S was further developed into R by Robert Gentlemen (Canada) and Ross Ihaka (New Zealand)

### 5.1.2 It is:

- Large, probably one of the largest based on the user-written add-ons/procedures
- Object-oriented
- Interactive
- Multiplatform: Windows, Mac, Linux

According to John Chambers (2009), six facets of R:

- an interface to computational procedures of many kinds;
- interactive, hands-on in real time;
- functional in its model of programming;
- object-oriented, “everything is an object”;
- modular, built from standardized pieces; and,
- collaborative, a world-wide, open-source effort.

## 5.2 Why R?

- A programming platform environment
- Allow development of software/packages by users
- Currently, the CRAN package repository features over 14,000 available packages (as of May, 2019).
- Graphics!!!
- Scaleble and Portable
- Interface with other platform/langauges (e.g.
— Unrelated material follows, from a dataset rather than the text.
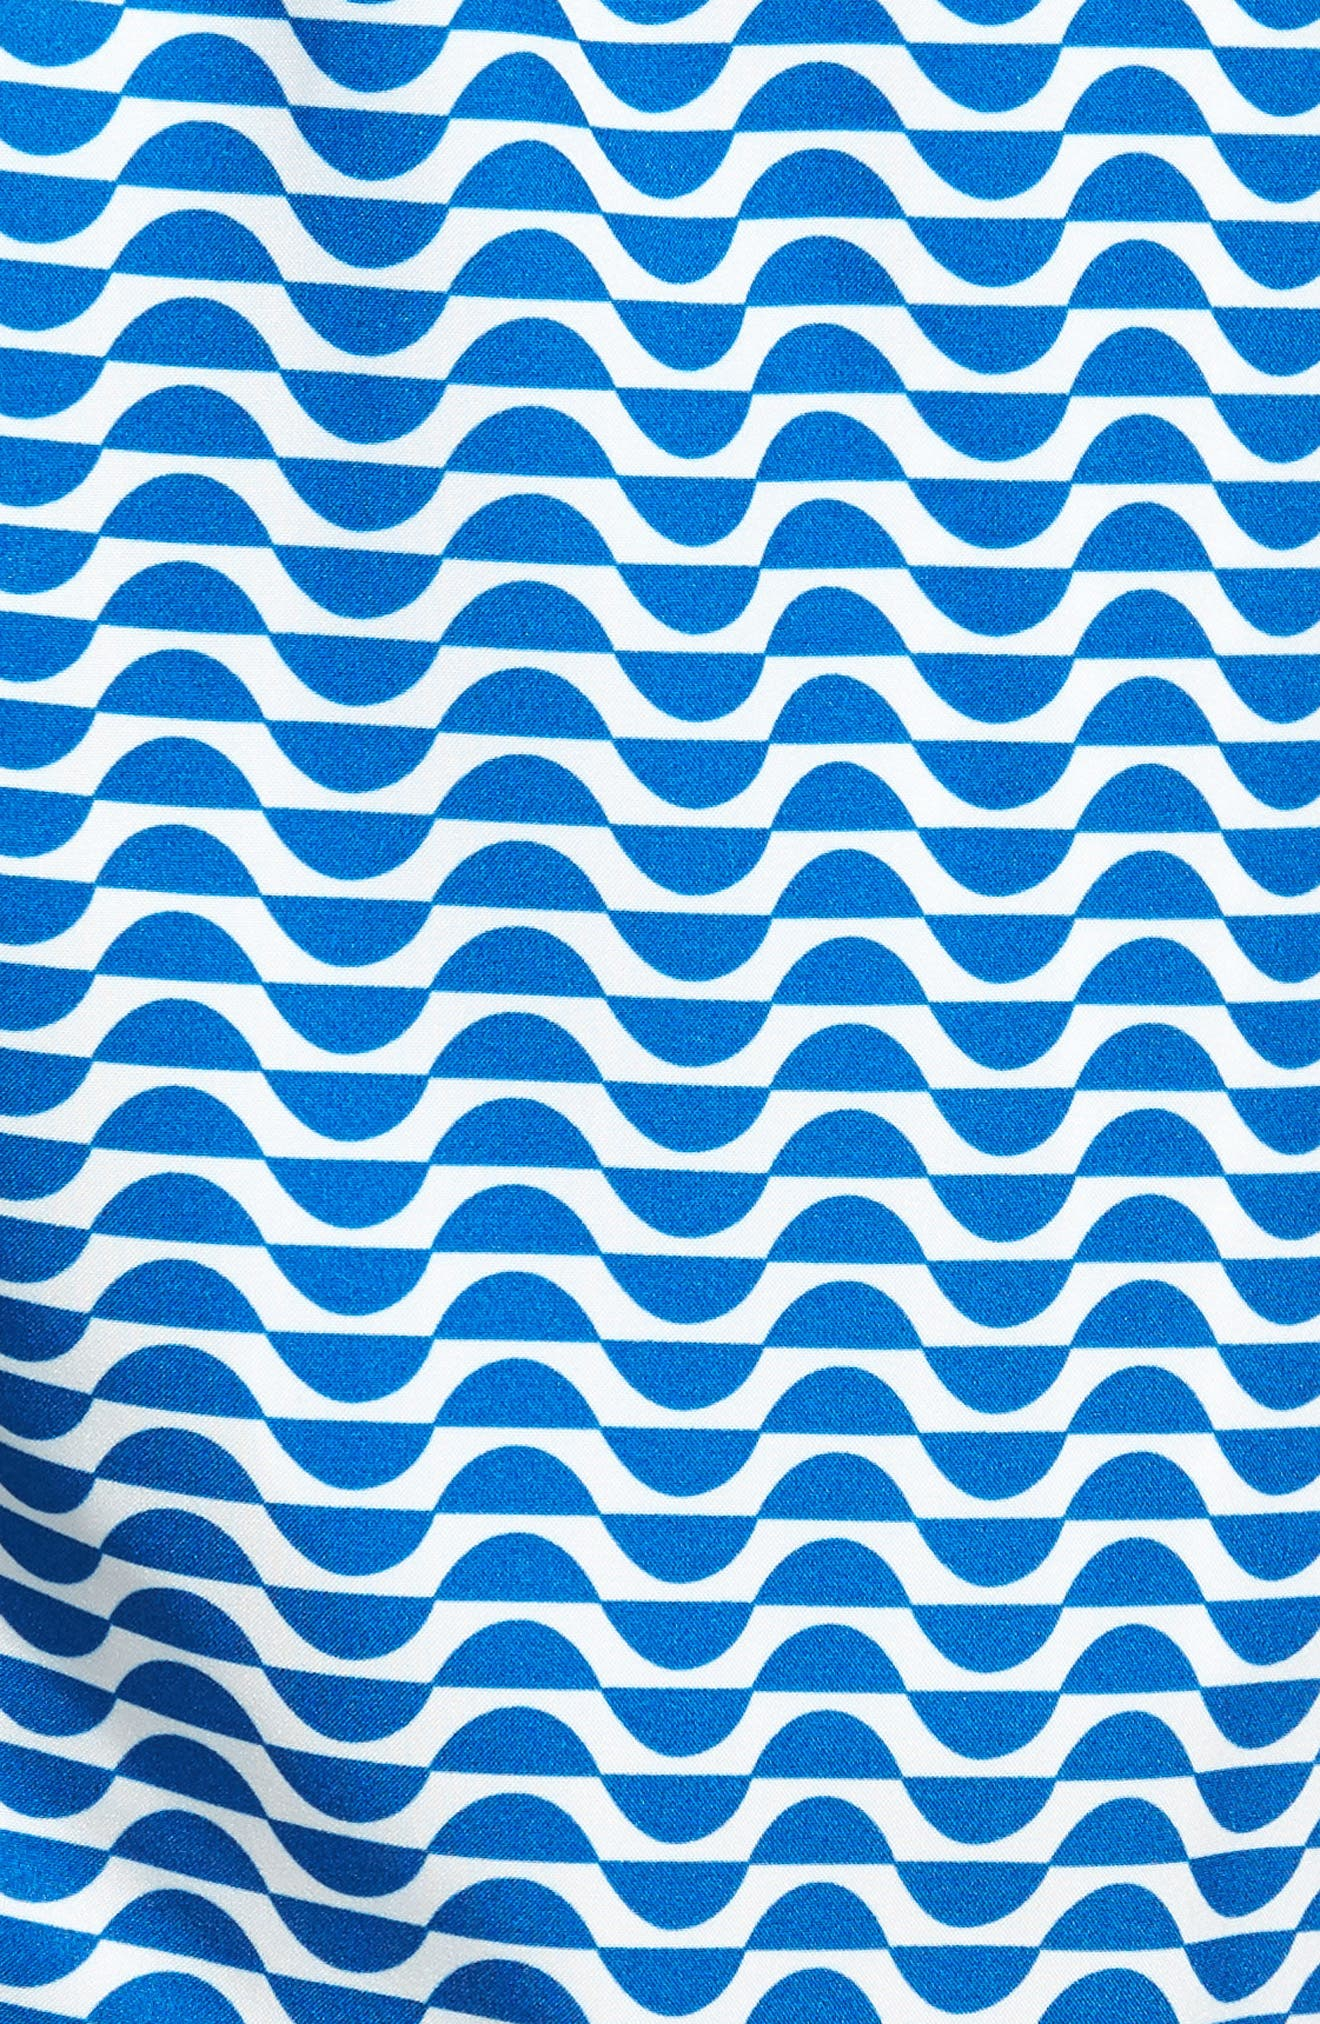 Banzai 7-Inch Swim Trunks,                             Alternate thumbnail 5, color,                             400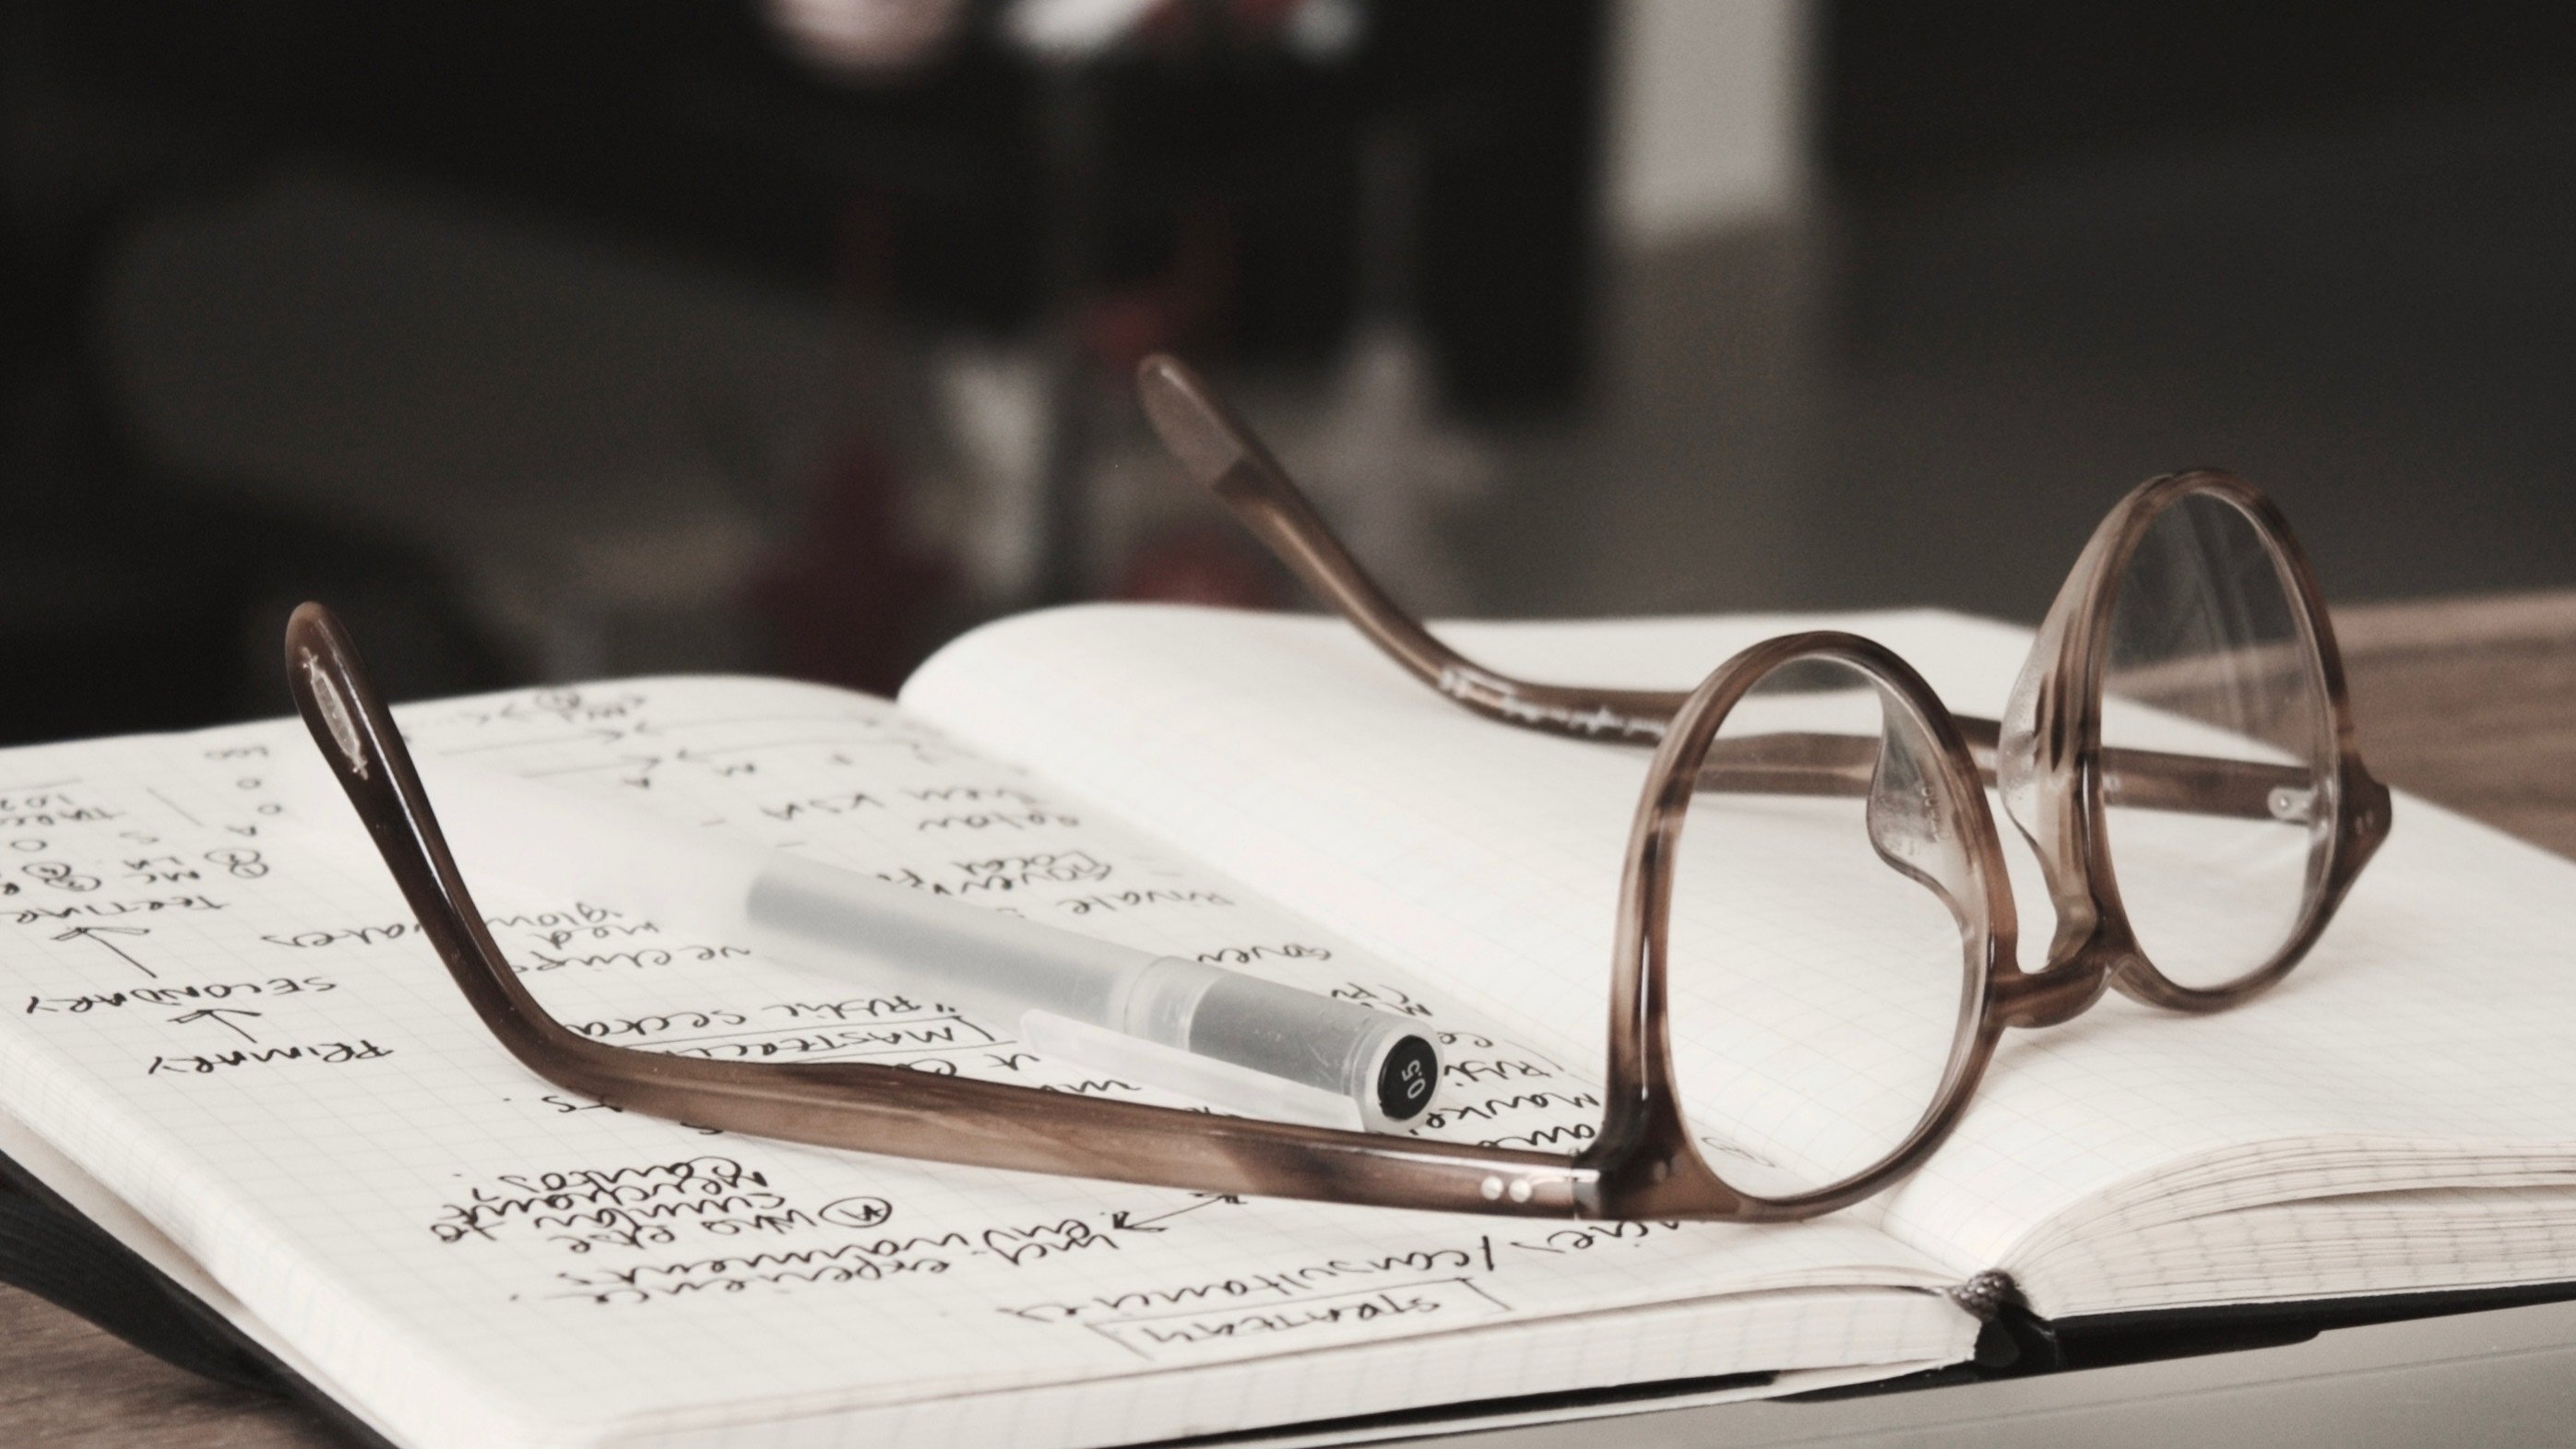 eyeglasses-on-book

C++, Python, JavaScript, Stan, SQL)
- Comparing R with other software?

Source: Oscar Torres-Reyna. 2010. Getting Started in R~Stata Notes on Exploring Data

## 5.3 RStudio

RStudio is a user interface for the statistical programming software R.

- Object-based environment
- Window system
- Point and click operations
- Coding recommended

- Expansions and development
- a multi-functional Integrated Development Environment (IDE)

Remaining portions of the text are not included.